For today’s list, I thought I would have a little bit of fun and list songs that should absolutely not be played at a bar. And since most bars have a jukebox with a web search for songs, things can get a little dicey. Most of these songs are great songs in their own right, but are the complete opposite of a song designed to “get the people going”.
1.) “Sister Ray” – The Velvet Underground
“Sister Ray” happens to one of the Velvet Underground’s most groundbreaking songs. That says a lot for a band that is considered to be one of the most innovative bands of all time. But “Sister Ray” also happens to be 17 minutes long of pure noise. In an act of sheer stupidity, I once tried to play this song at a bar and after about 10 minutes, someone finally changed the song.

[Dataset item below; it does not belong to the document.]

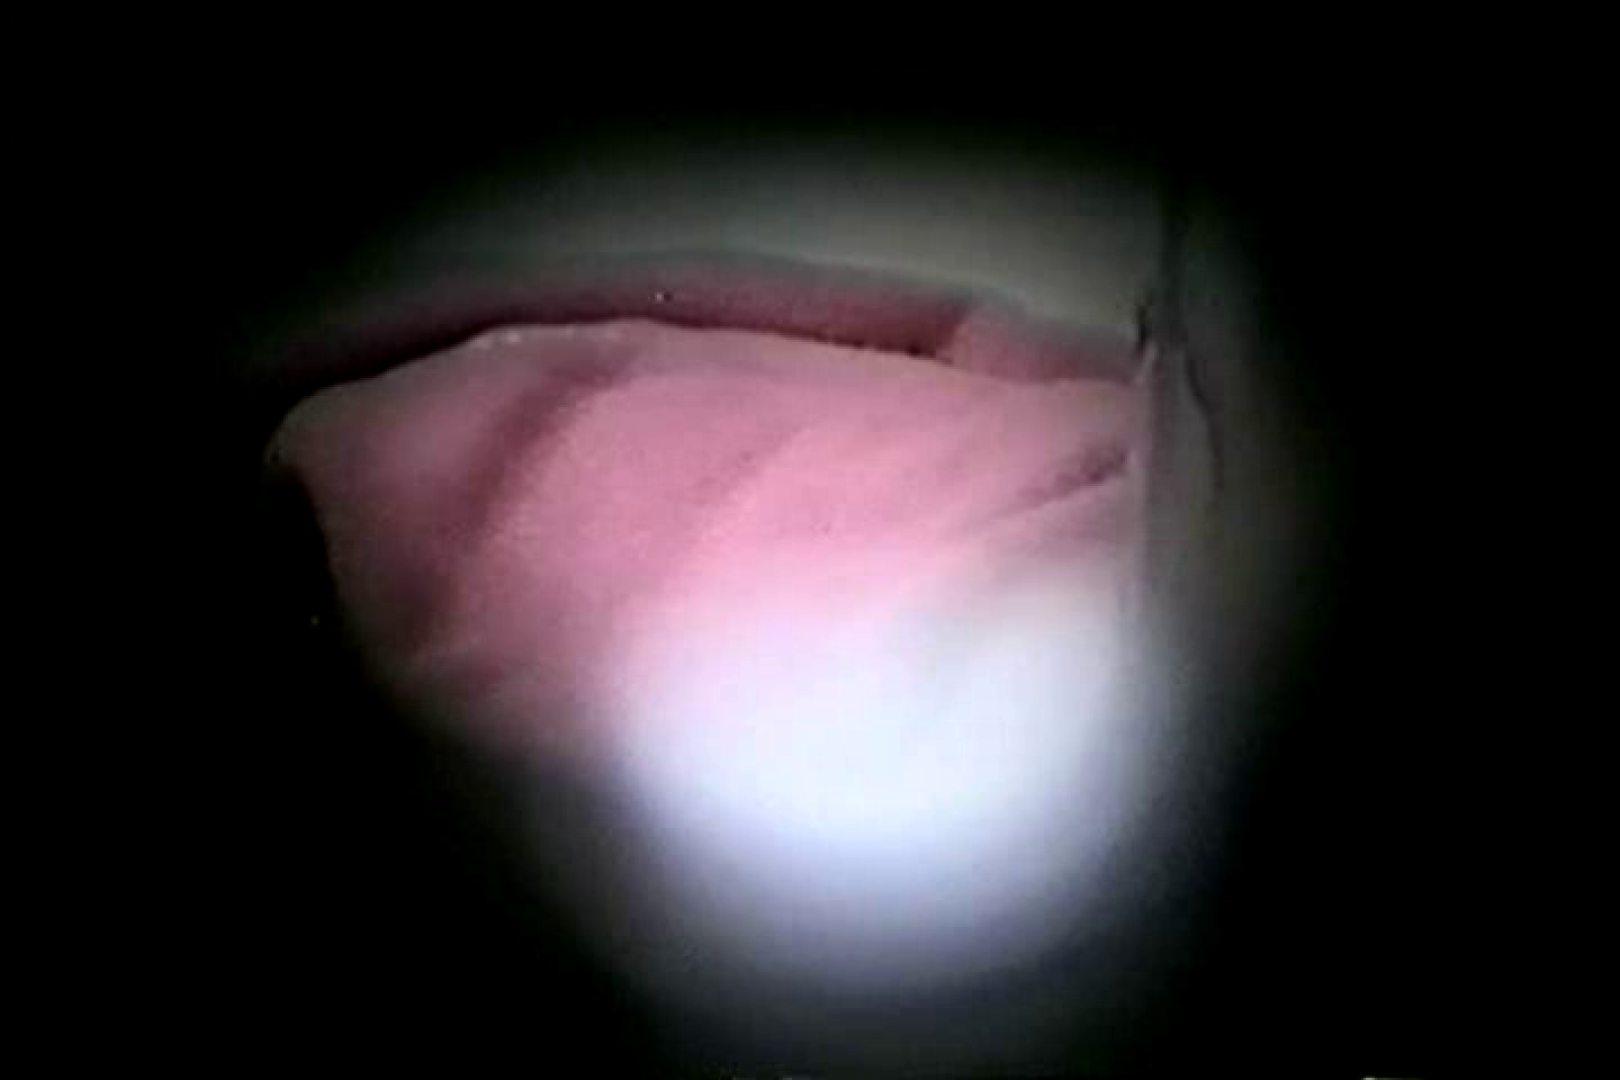 深夜の撮影会Vol.6 覗き 濡れ場動画紹介 109PIX 19

2.) “Bridge Over Troubled Water” – Simon & Garfunkel
Any fun you’re having will automatically be zapped away if this song comes on. People go out to get away from their problems, and “Bridge Over Troubled Water” is sure to bring people back to reality. If you do dare to put this song on, expect at least one person to shout out: “Who the fuck put on ‘Bridge Over Troubled Water?’”
3.) “Desolation Row” – Bob Dylan
Unless your drinking friends are a bunch of college English professors, who like to argue over what Ezra Pound and TS Elliot are fighting about, or why Einstein is disguised as Robin Hood (and what are his memories doing in a trunk?), then this 11 minute song is probably not for you.

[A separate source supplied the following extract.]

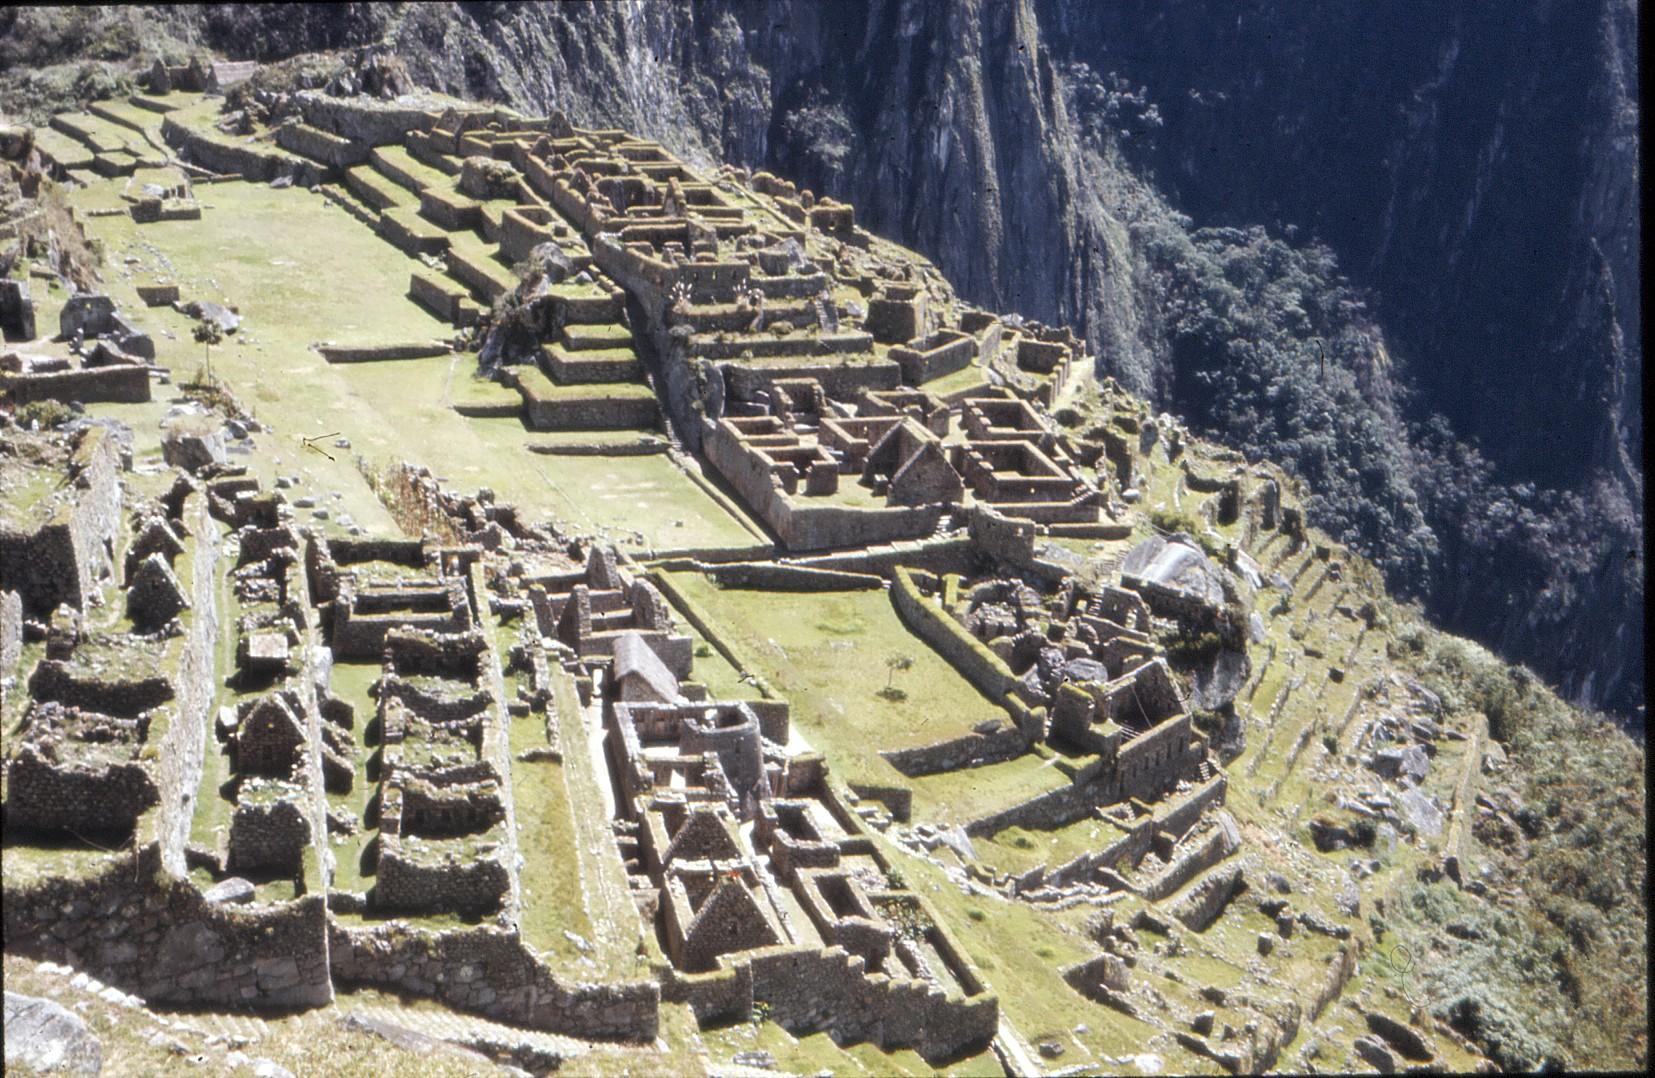 southamerica1972-17

4.) “I Will Follow You Into the Dark” – Death Cab For Cutie
Really any Death Cab song is questionable for jukebox consumption, but a title like that sounds down right creepy late at night.

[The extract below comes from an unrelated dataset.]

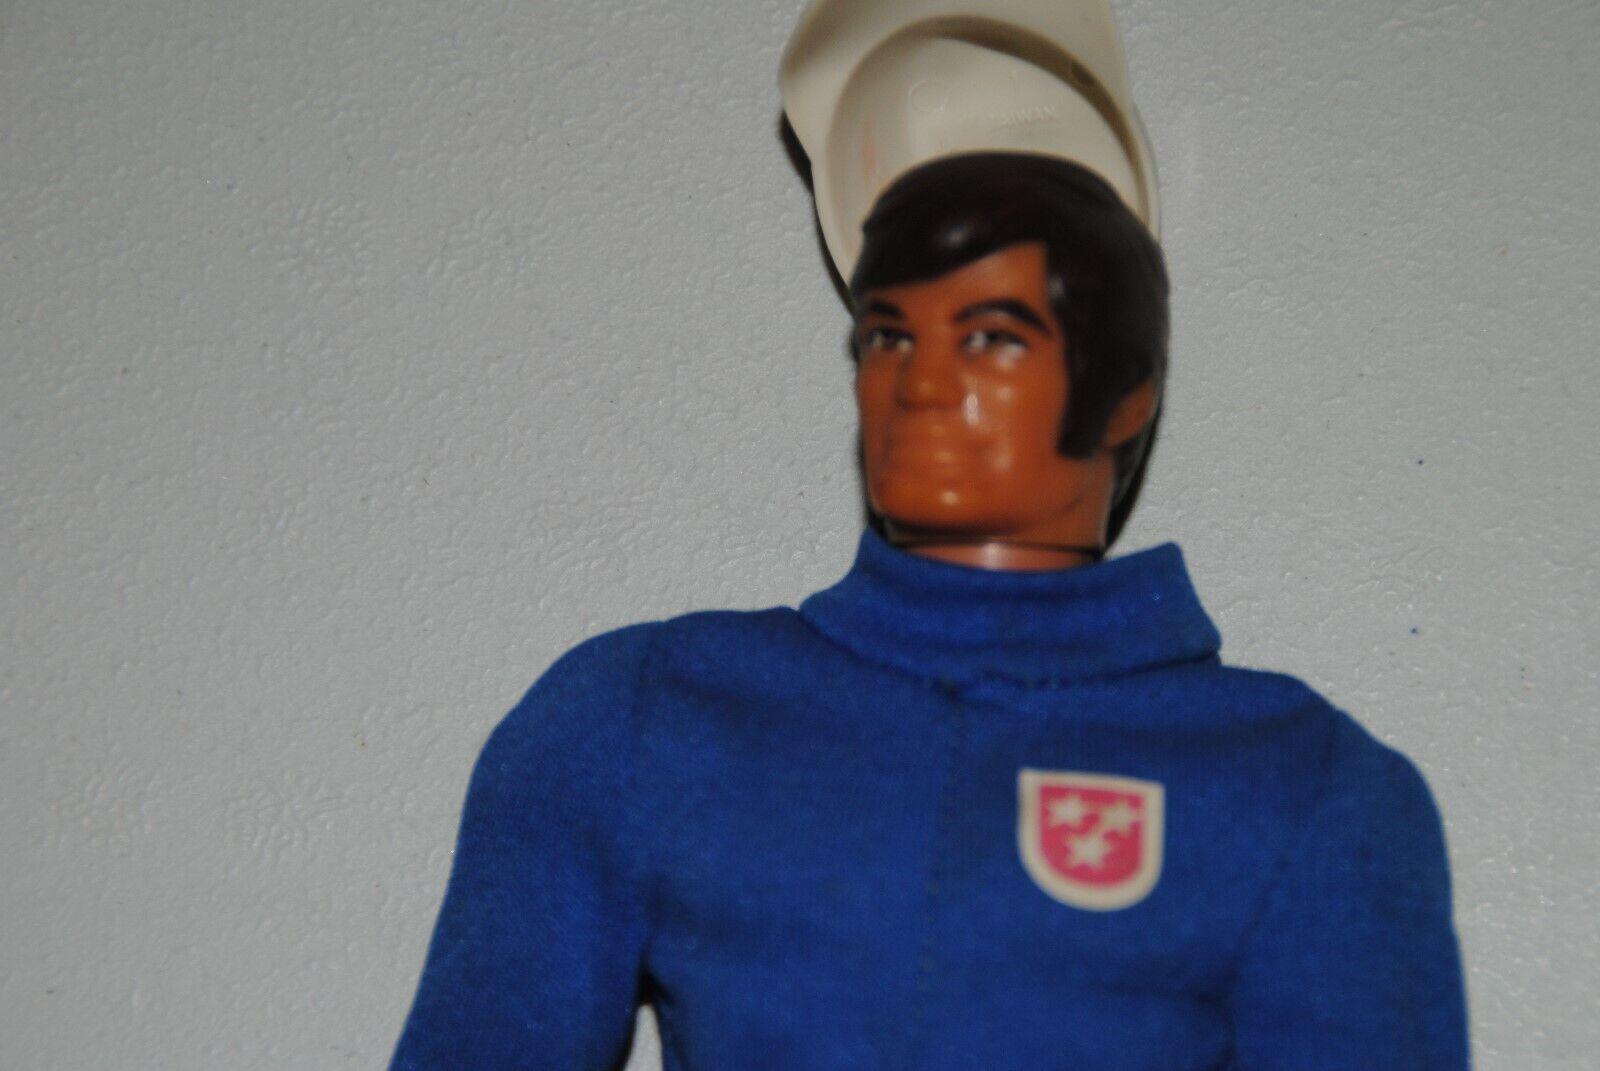 BIG JIM MATTEL CIPSA KID ACERO MEXICAN FIGURE   Blau JUMPSUIT     RARE

5.) “This Radio Clash” – The Clash
Ironically, this song was supposed to be a dance song with its funky rhythms and early hip-hop beats. Time has not been kind to this song, and its 4 minutes seem just about as long as “Sister Ray”.
6.) “Shine On You Crazy Diamond” – Pink Floyd
I know some people love to put on Floyd at bars, but I prefer not to think about my own mortality and worry about the educational establishment when I’m drinking. But “Shine On You Crazy Diamond” has got to be the worse: it takes about 4 minutes for the guitars to come in and another 5 before there is any singing.
7.) “Shiny Happy People” – R.E.M.
This song isn’t quite as bad as people make it out to be, but almost everyone around will bitch about its very existence turning almost everybody into very angry people. Also, the song sounds like a B52s song, and if you want the B52 just put them on and that way everyone will be happy.
8.) “My Hometown” – Bruce Springsteen
Springsteen has so many great songs meant for a jukebox. This song is not one of them.
9.) “Day of the Lords” – Joy Division
Much like Death Cab, any Joy Division song is kind of off limits here (with the possible exception of “Love Will Tear Us Apart”), but “Day of the Lords” stands out with its icy production and crawling pace.
10.) “Well Well Well” – John Lennon
The entire Plastic Ono Band album should not be played under any circumstances, but this song especially. If you dislike Yoko Ono, the references to sex might put you off, but not as much as Lennon screaming for two minutes before finally tearing his voice near the end of the song.